# Good Buy?



## joerivers6 (Jan 23, 2009)

1995 S6 
183k miles
hood, roof and trunk lid clear coat sunfaded
scrape in right rear door
worn through drivers bolster
timing belt and bits replaced at 165k
turbo timer
Apikol 1.8t coil conversion at 165k
slight radiator leak
no rust
$2900

Any opinions?


----------



## speedtek40 (Jul 8, 2005)

Got any pictures? Doesn't sound too bad, but I'd get it inspected....poorly maintained UrS cars can become money pits pretty fast. (even well maintained ones, but poor is far more risky)

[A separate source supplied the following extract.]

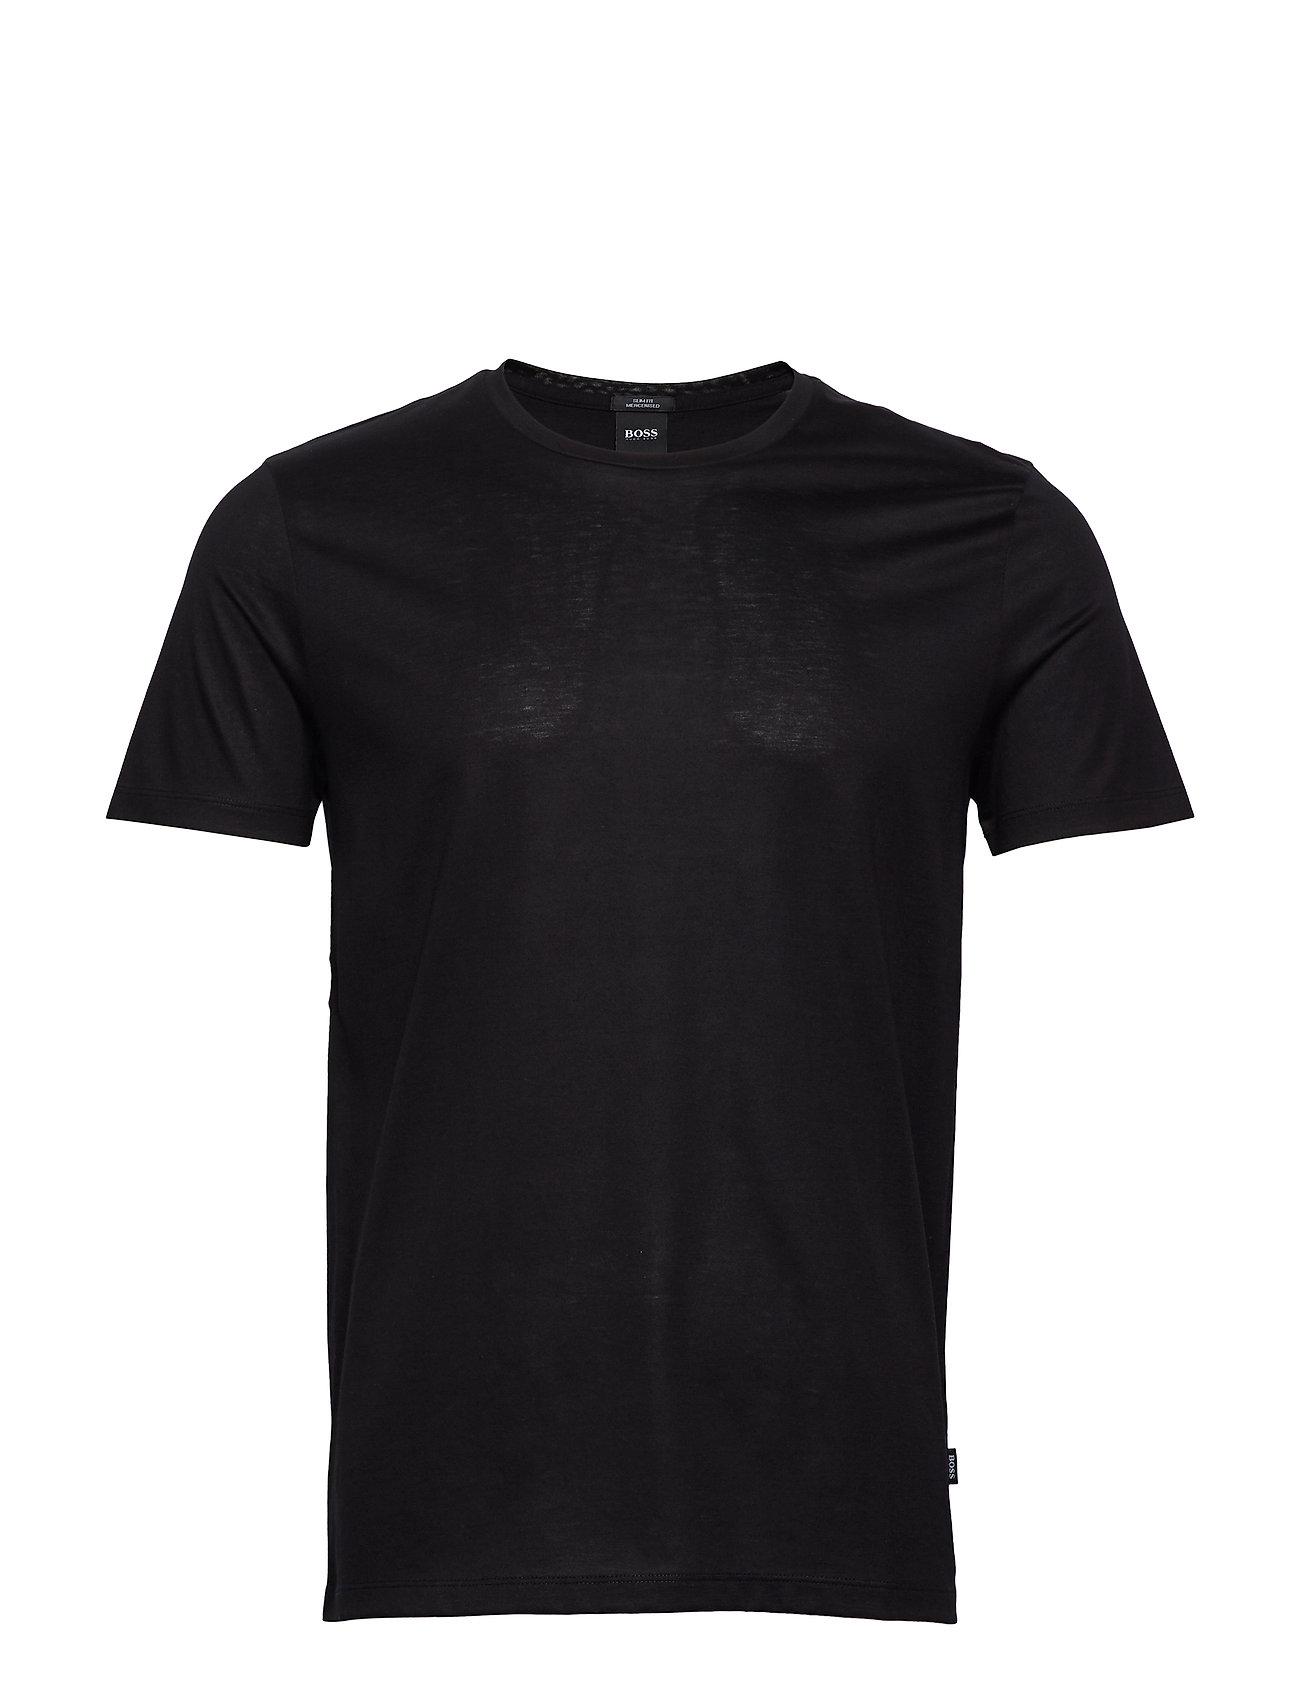 BOSS Business Wear Tessler 100 - BLACK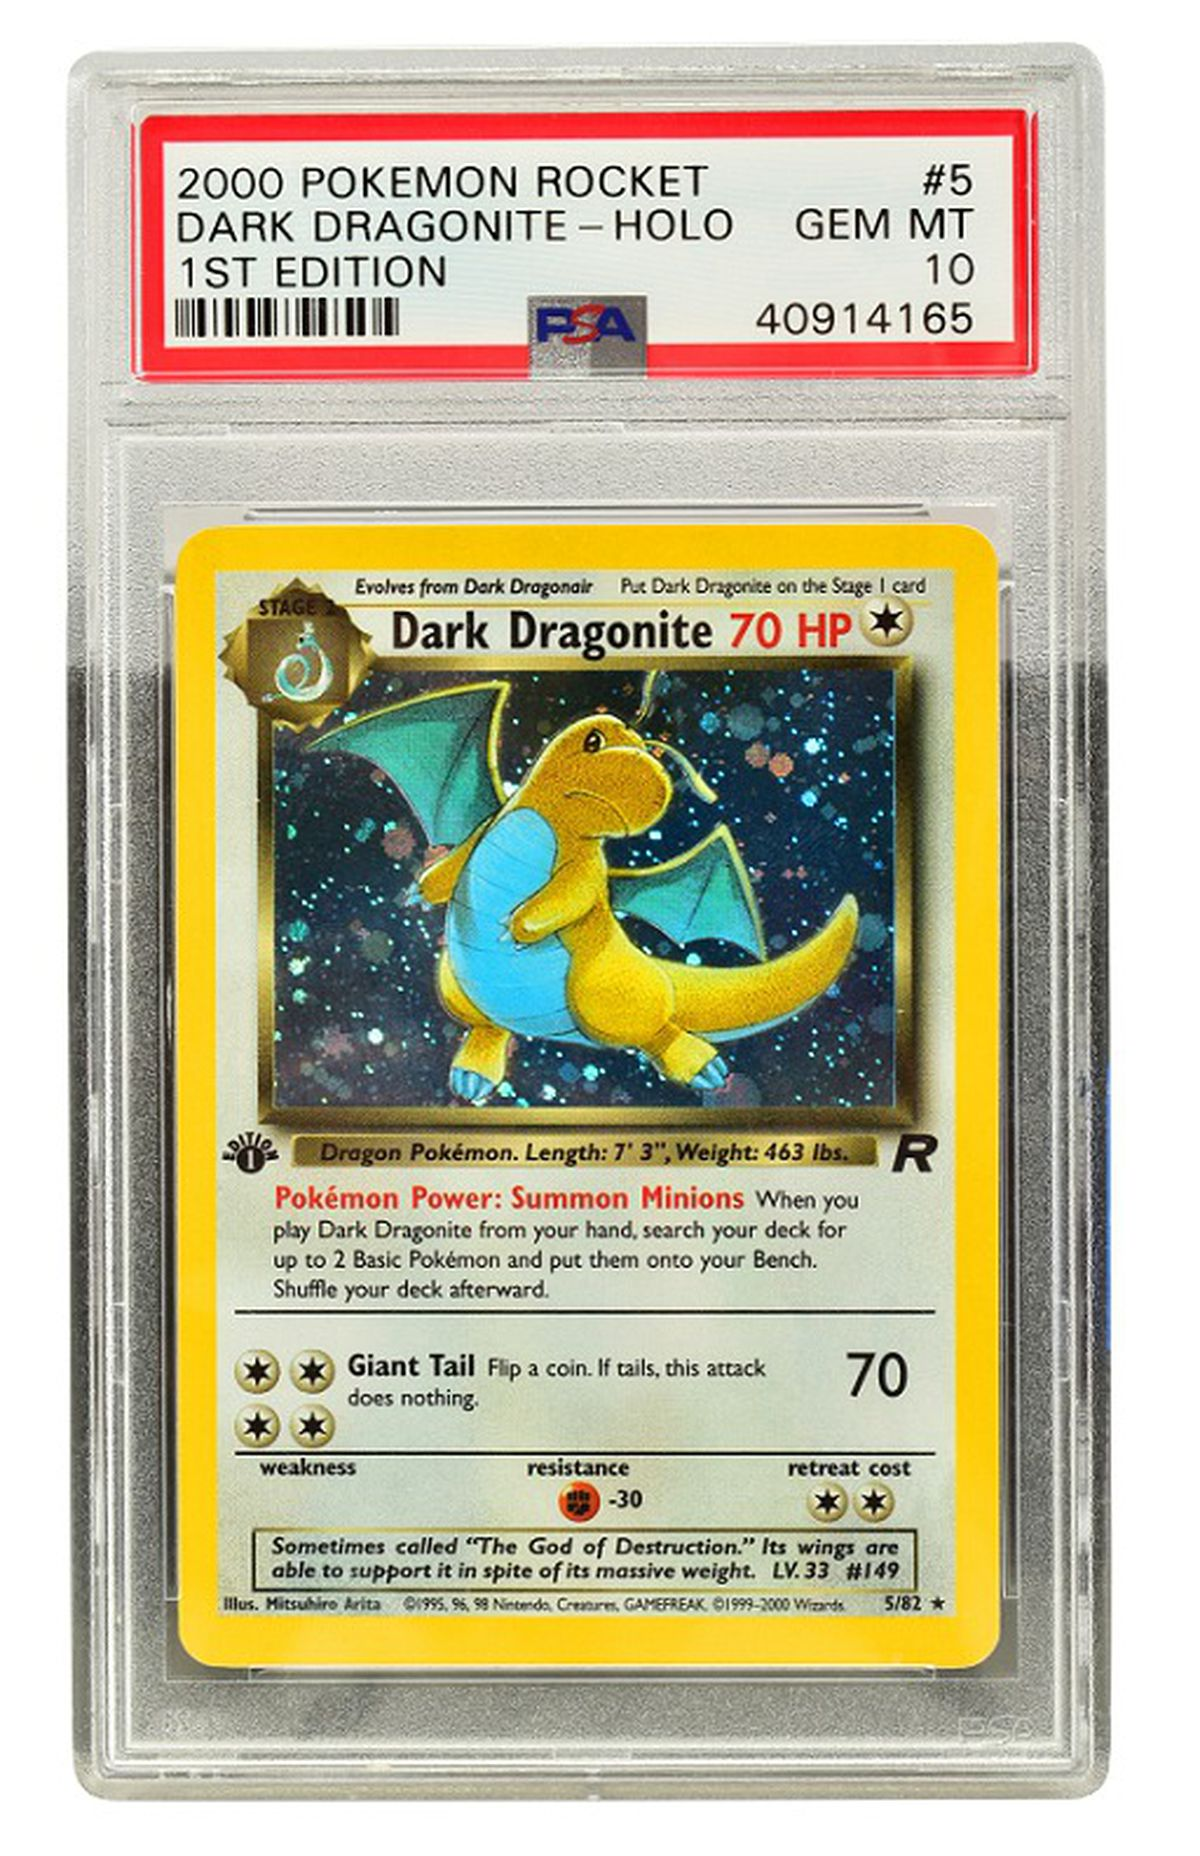 A 1st edition Team Rocket Dark Dragonite Holo, PSA Gem Mint 10, estimated to make £2,000-£3,000.

A detailed maintenance history is always a good bet. These cars can hide a lot of surprises making a good deal a far less appealing proposition once all the chips fall. In most cases you will be better off to spend more outright for a well cared for example that doesn't need anything than to pour untold amounts into a car that needs plenty.


----------



## joerivers6 (Jan 23, 2009)

pics..

http://picasaweb.google.com/audicqturbo/20100622?feat=directlink


----------



## joerivers6 (Jan 23, 2009)

pics were taken while replacing the master cylinder, thus the parts on the floor.


----------



## speedtek40 (Jul 8, 2005)

yikes, some nasty rust on that hood.....so did you end up buying it?


----------



## joerivers6 (Jan 23, 2009)

nope..not yet. its in Pennsylvania and im in the Detroit area, so goin to look at it is kinda hard to do


----------